Stookies, stucco and stalks

I heard the word stookie on the radio the other day as was mystyfied as the it’s meaning – the context didn’t help. Forunately the person who mentioned it explained that it’s a Scottish word for plaster cast – the kind of thing you might have on a limb if you facture a bone. It’s also mention in this story on the BBC News site.

The Urban Dictionary provides this example of usage, Gonnae let me right a menshie oan yer stookie? (Are you going to let me write graffiti on your plaster cast?).

Wikitionary defines stookie as: plaster of Paris; plaster cast; (dialect) idiot; (dialect) shy person, and it apparently comes from stucco plus the diminutive suffix -ie.

Stucco comes from Italian, and means “stucco or plaster”, which comes from the Lombardic *stucki (crust, fragment, piece), from the Proto-Germanic *stukjan, *stukjaz, *stukō, *stūkō (stick, beam, stump), from the Proto-Indo-European *stAug- (stalk).

To me a stookie sounds like a more friendly thing to have on your arm or leg than a plaster cast, which is also known as a orthopedic or surgical cast. What do you think?

4 thoughts on “Stookies, stucco and stalks

  1. Northern vernacular for a plaster cast is a ‘pot’, as in, “‘E got a good braying and now ‘is arm’s in a pot.”

  2. When I was a kid in California I lived in a stucco house– which means, at least locally, a wood-framed house with the exterior covered in stucco.
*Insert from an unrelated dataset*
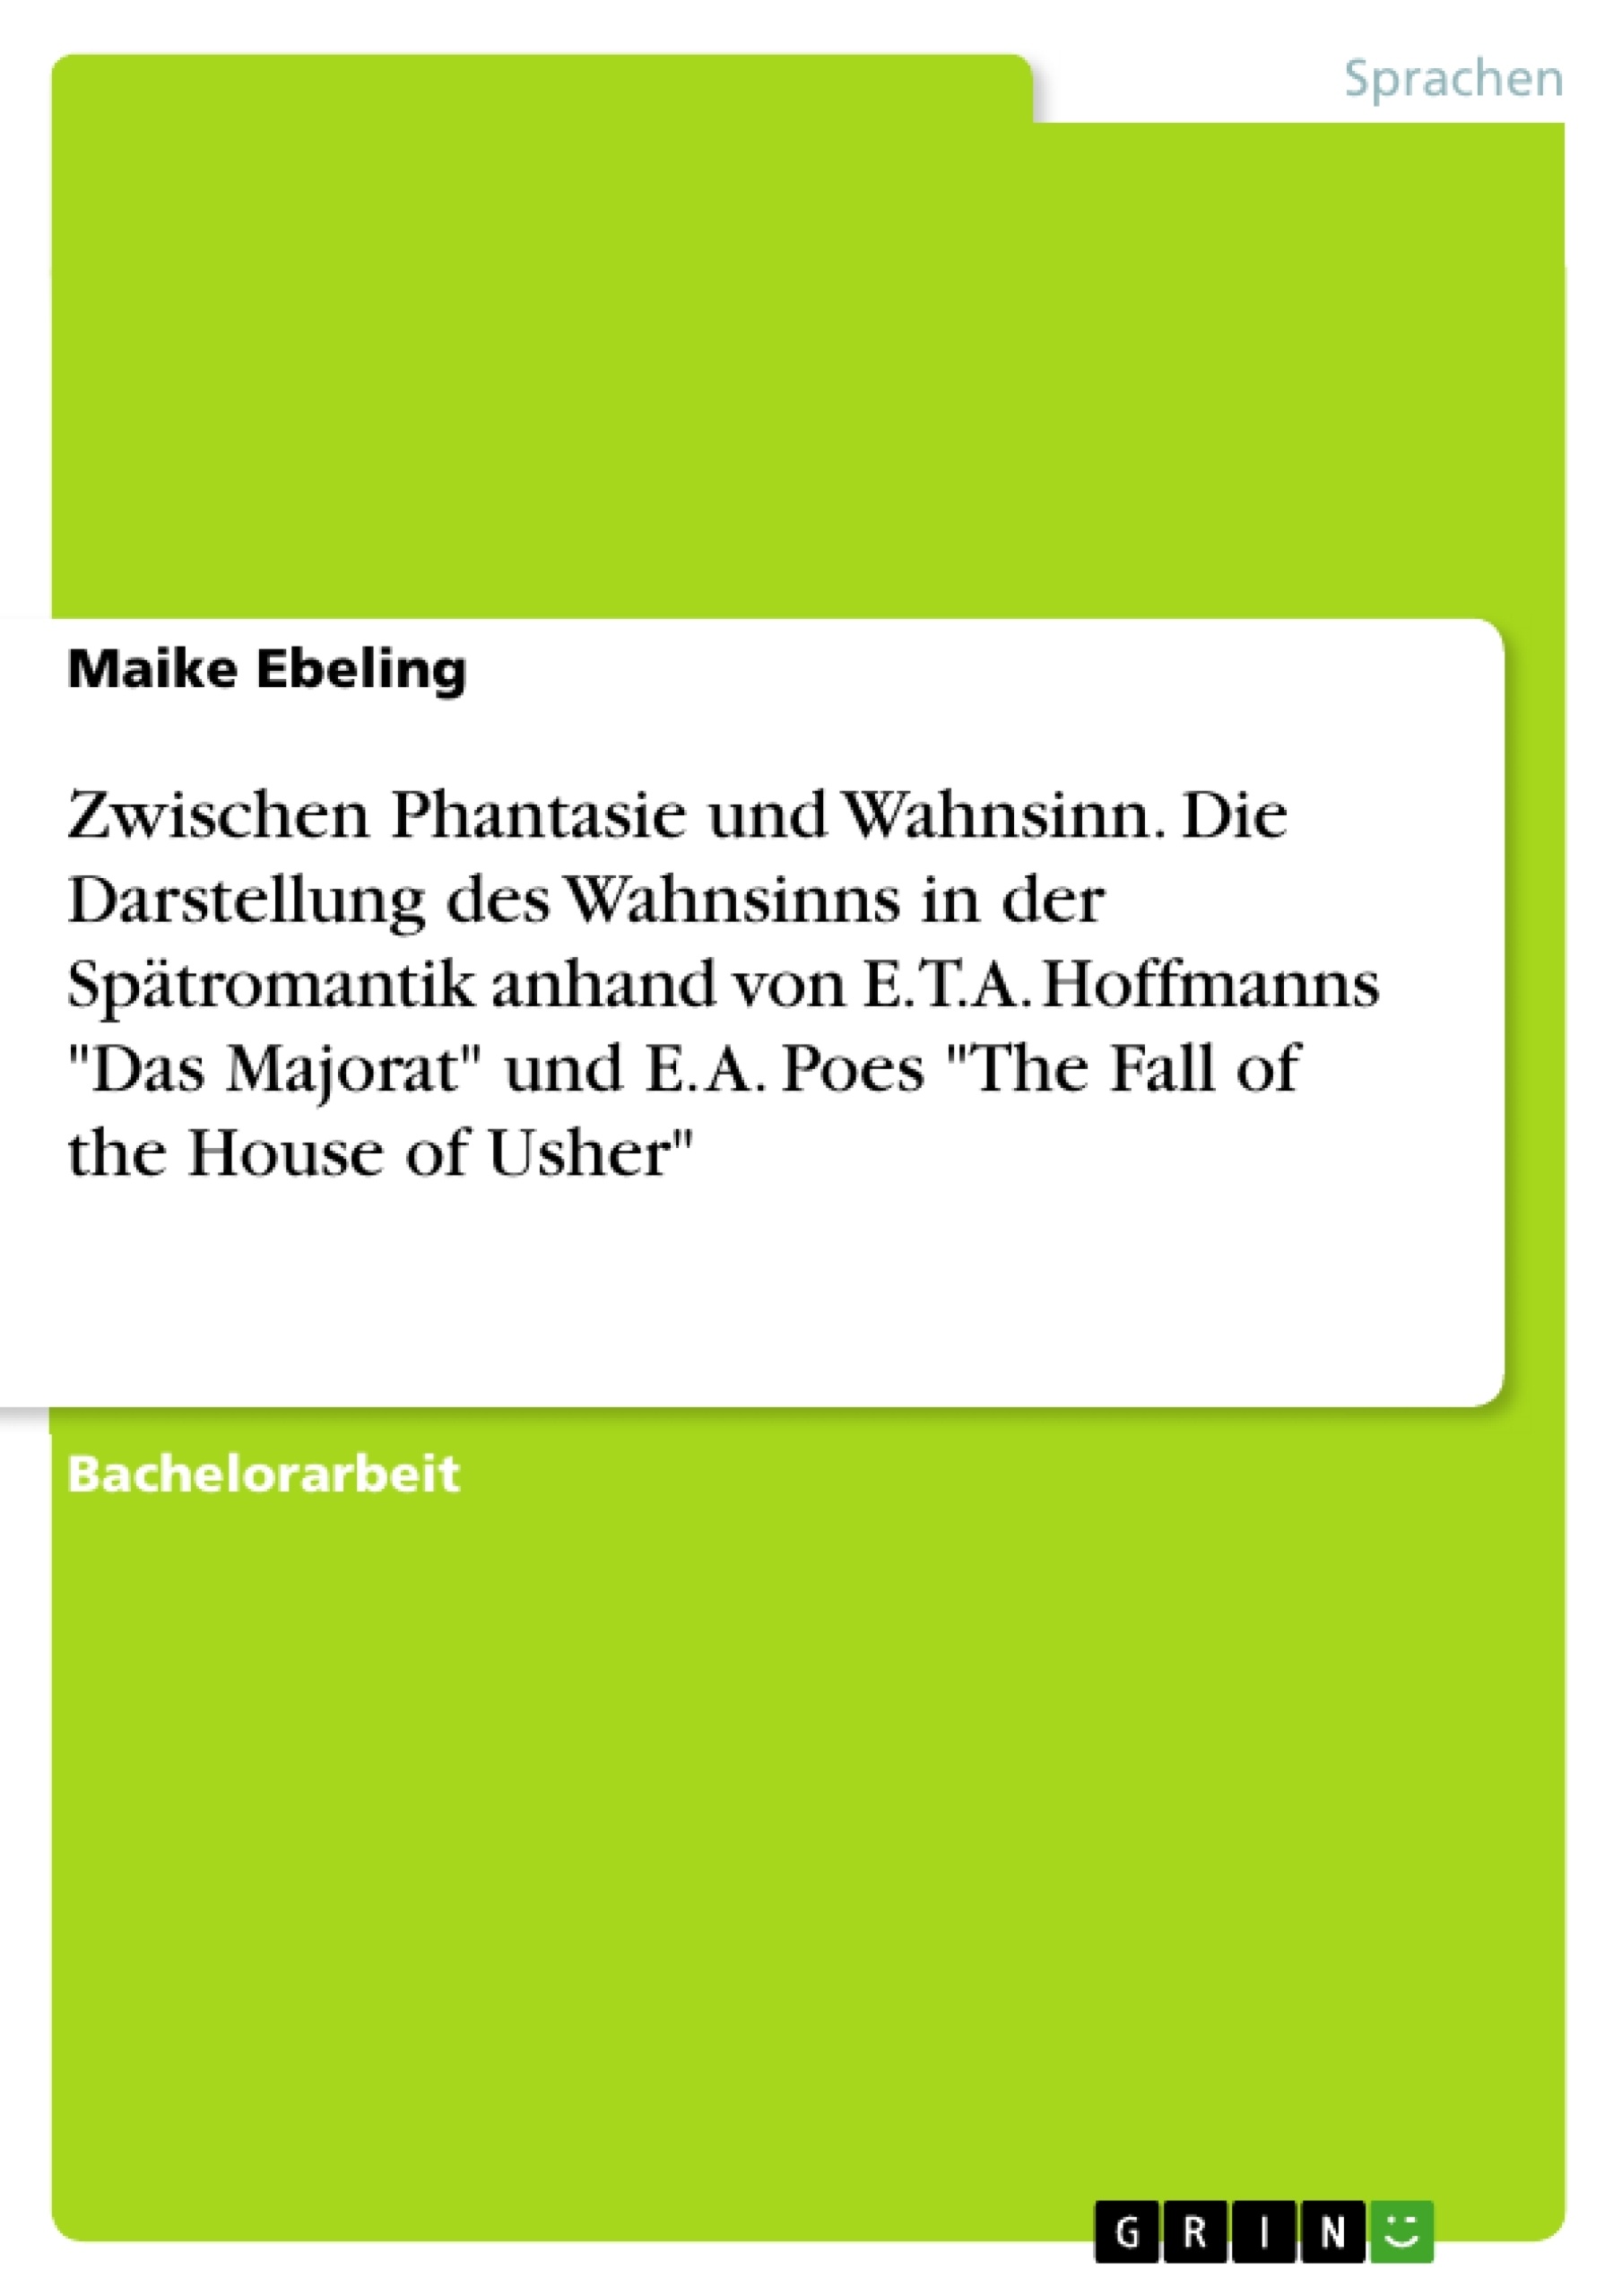 Titel: Zwischen Phantasie und Wahnsinn. Die Darstellung des Wahnsinns in der Spätromantik anhand von E.T.A. Hoffmanns "Das Majorat" und E. A. Poes "The Fall of the House of Usher"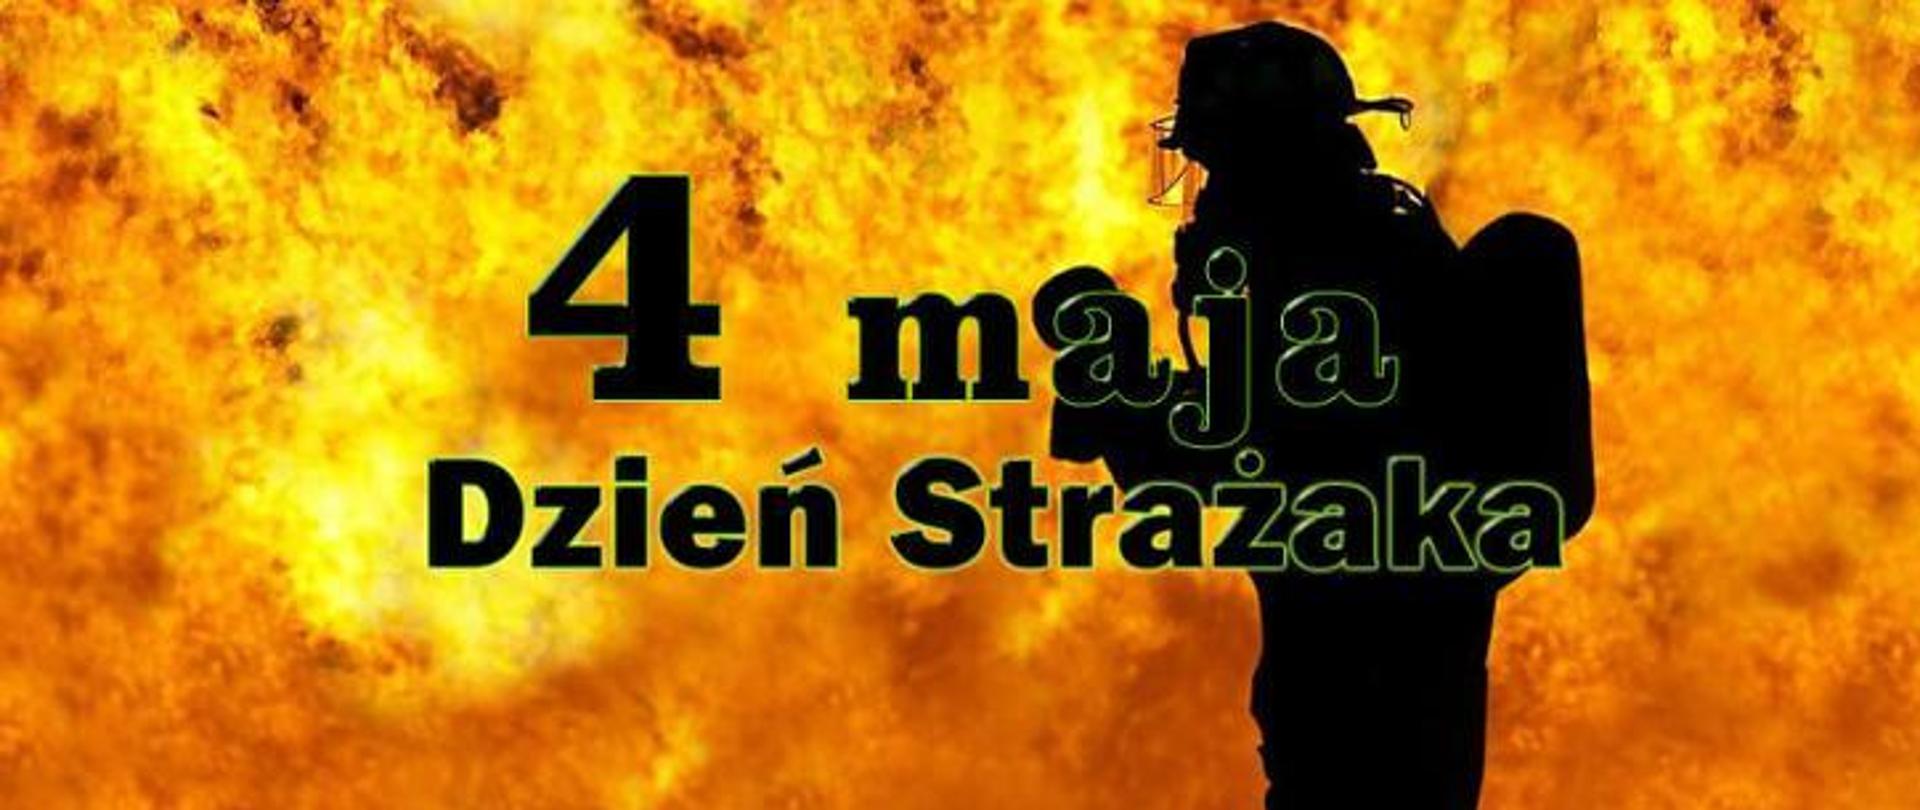 Napis 4 maja Dzień Strażaka, w tle płomienie oraz strażak w ubraniu specjalnym oraz sprzęcie ochrony układu oddechowego

Very common in the warmer parts of California.

    (Now I live in Oregon, where practically every house is finished with wood siding.)

  3. I’ve never heard of a ‘stookie’ before probably because I don’t live in Scotland although stookie is in the dictionary as being Scots for plaster of Paris, a plaster statuette.
    You can see in the Scots Language Dictionary
    http://www.dsl.ac.uk/dsl/
    how the word has evolved in meaning to now include a modern day ‘stookie’ plaster cast.
    I have heard the Northern England ‘pot’ version of stookie before mentioned by Mark but to me the only word in my everyday usage if somebody happens to have a limb in plaster is a ‘plaster cast’ or generally shortened to just a ‘cast’ – in Welsh it’s a calqued ‘cast plastr’.
    I have used in the past for non-medical, setting of bones purposes the materials that they use in hospitals to plaster broken limbs and I think it was called ‘mud-rock’? It came in rolls of gauze like bandages impregnated with plaster which when wetted you applied like building up layers of papier-mâché and left to set hard.
    I’ve luckily never broken any bones so I don’t know if they still use the same material now?

  4. Yenlit, the kind of plaster you describe for broken limbs is still used to some extent, but it’s more common to use knitted fiberglass bandages impregnated with polyurethane, or bandages of thermoplastic. These are lighter and dry much faster than plaster bandages.